» **WHAT THE TASK ASKS**
Everything from the line that holds "Flower bikini tops are always in season." through the end of the listing below must be retyped word for word, without any pictures.

» **DATASET EXTRACT**
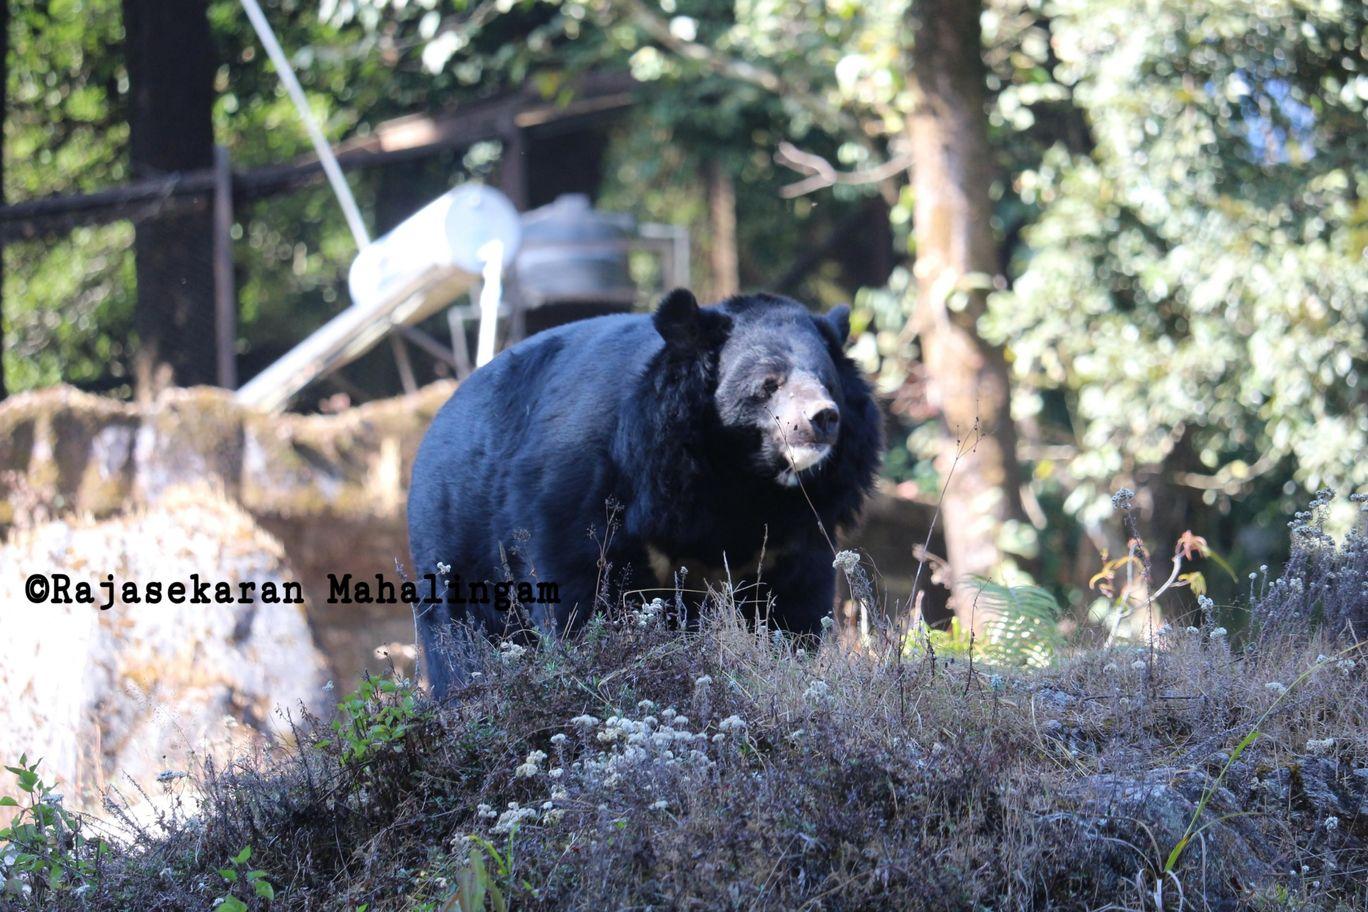 Photo of Darjeeling By Rajasekaran Mahalingam
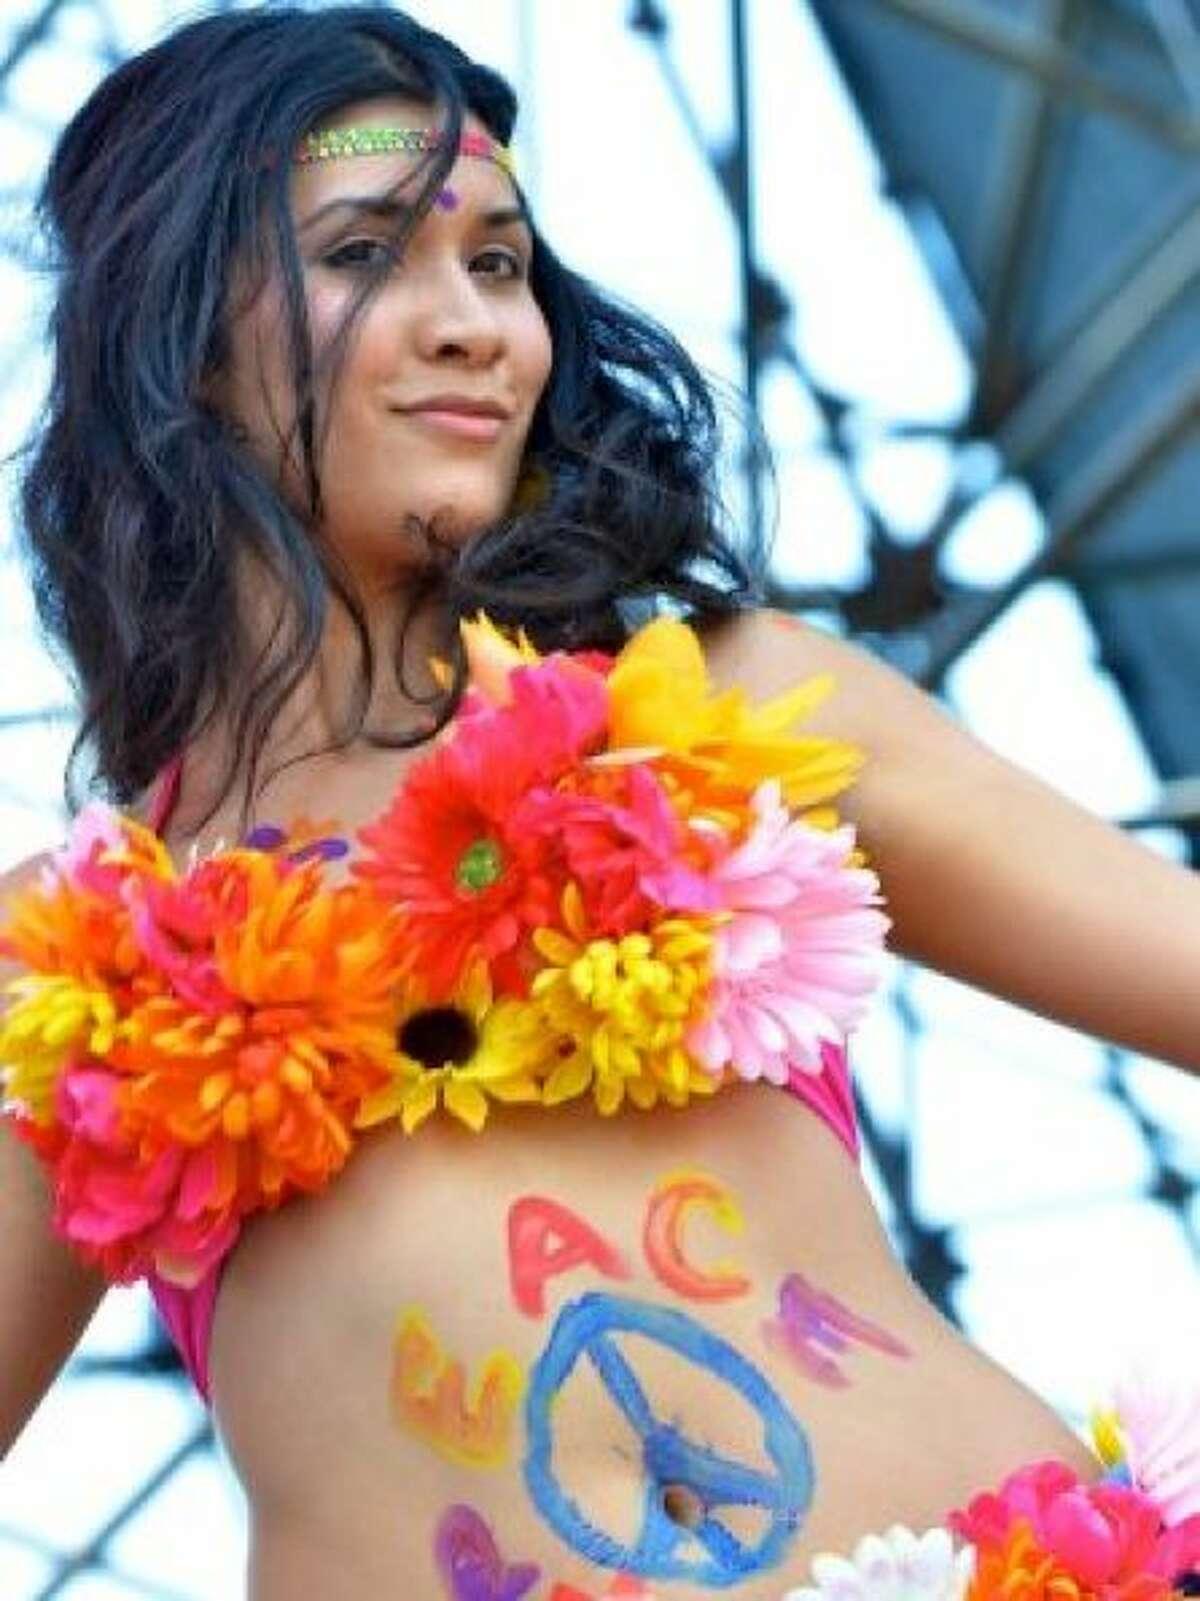 Flower bikini tops are always in season.
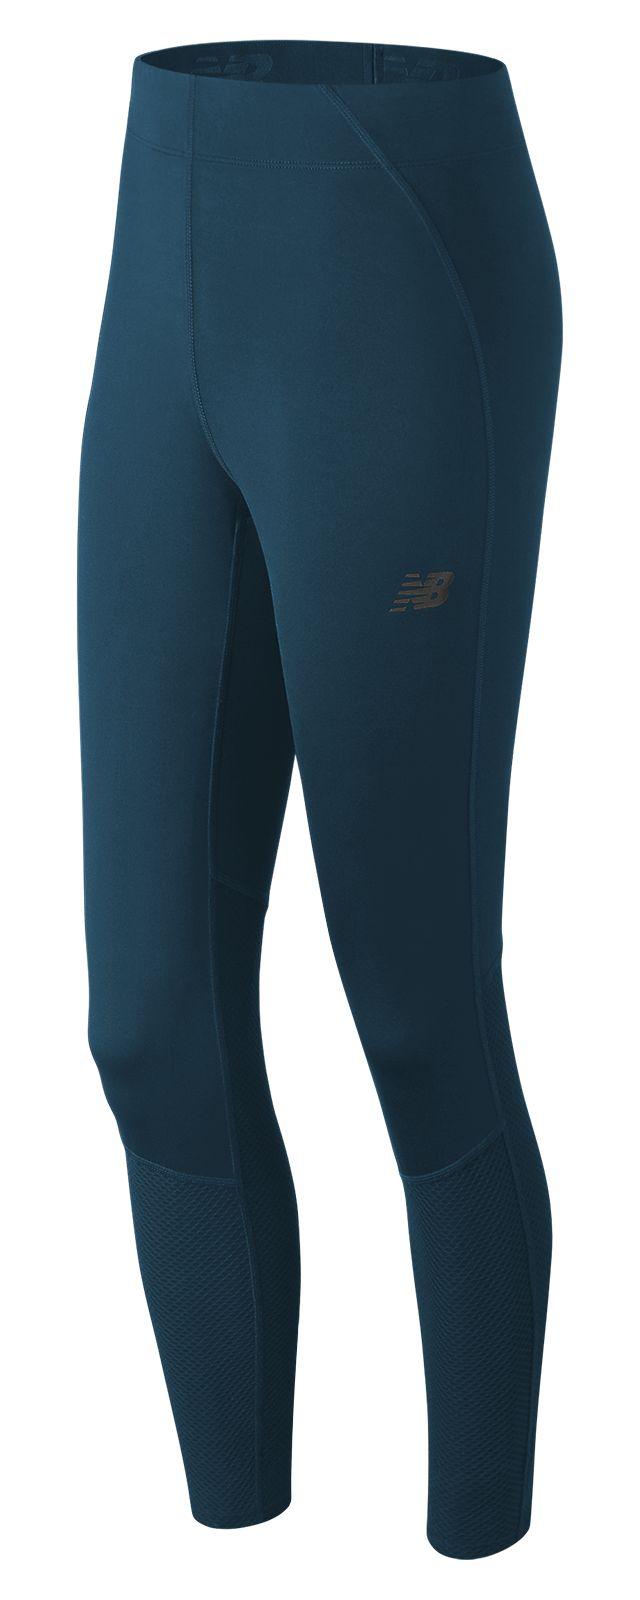 Women's 247 Luxe Legging
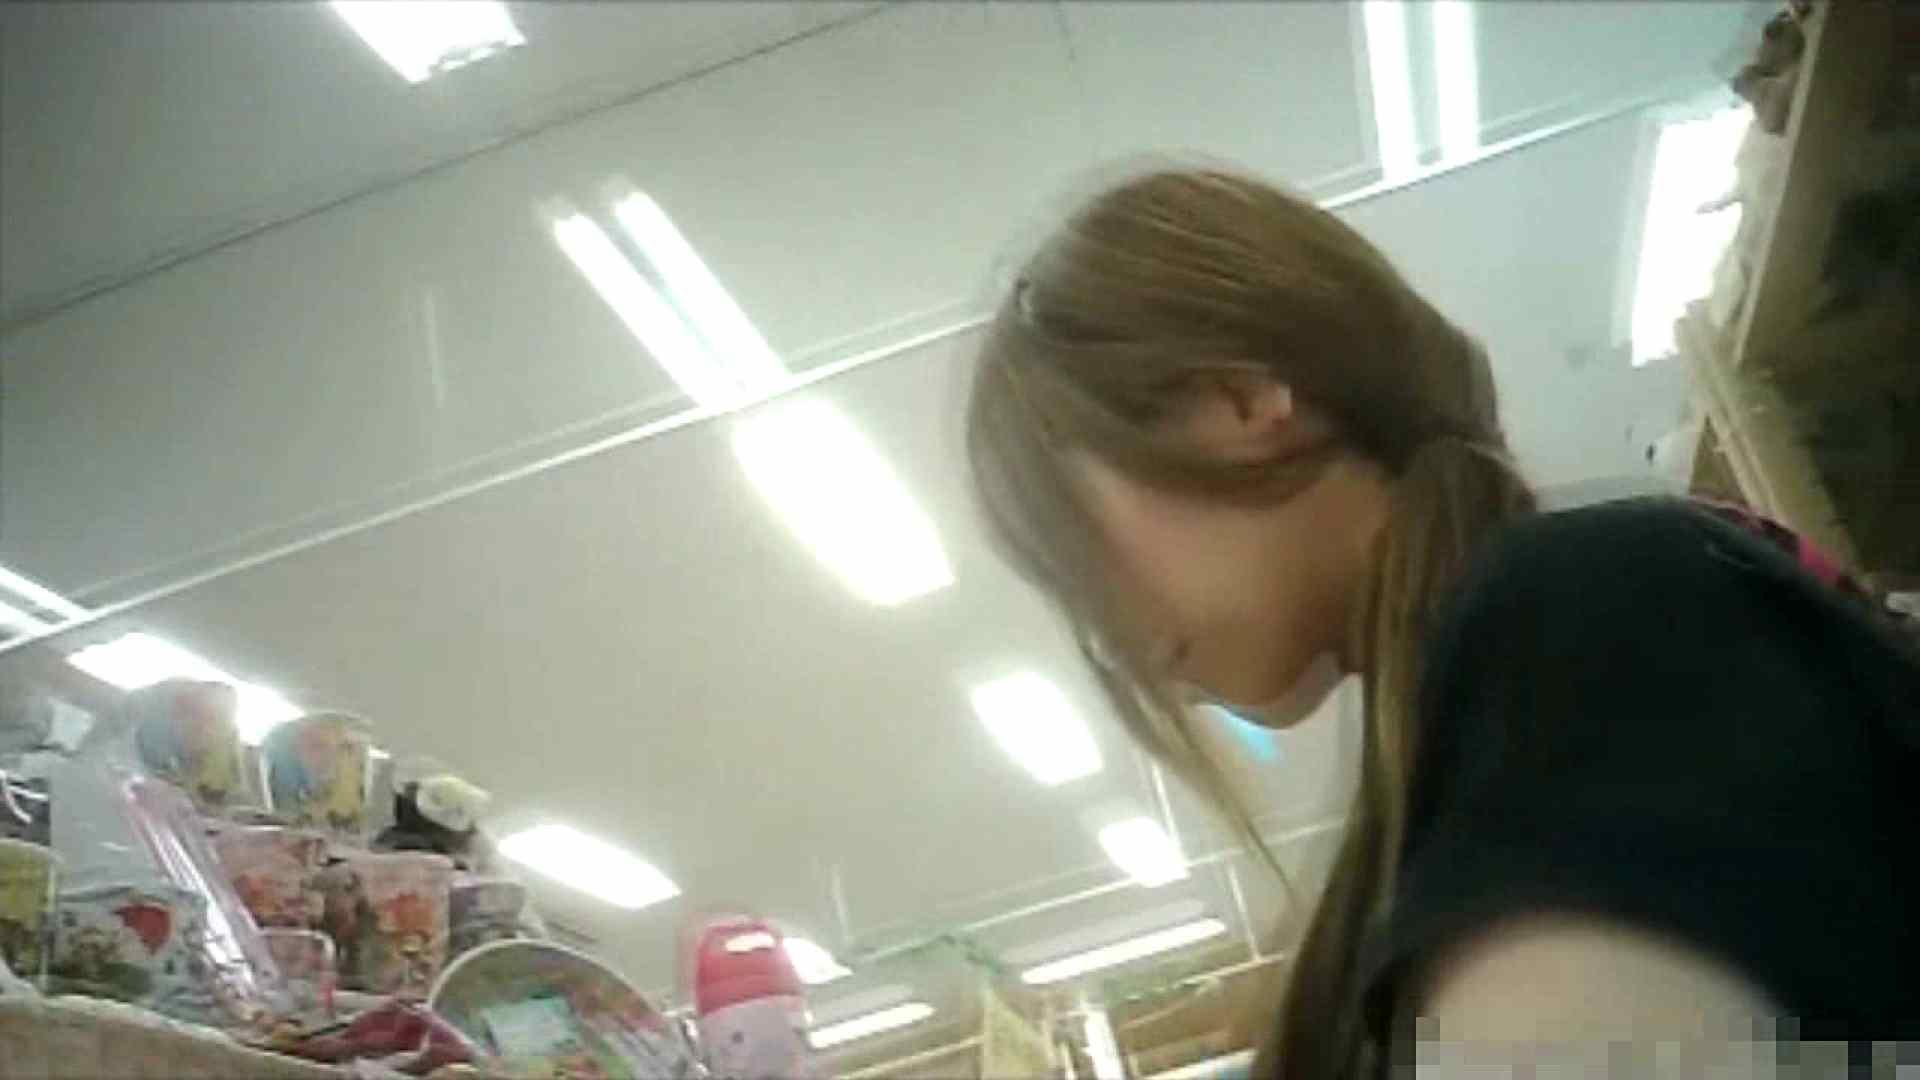 NO.6 雑貨屋で買い物中のガーリーな女の子 胸チラ・のぞき AV無料 95枚 39

» **ANSWER AREA**
 Flower bikini tops are always in season.
 Women's 247 Luxe Legging
 NO.6 雑貨屋で買い物中のガーリーな女の子 胸チラ・のぞき AV無料 95枚 39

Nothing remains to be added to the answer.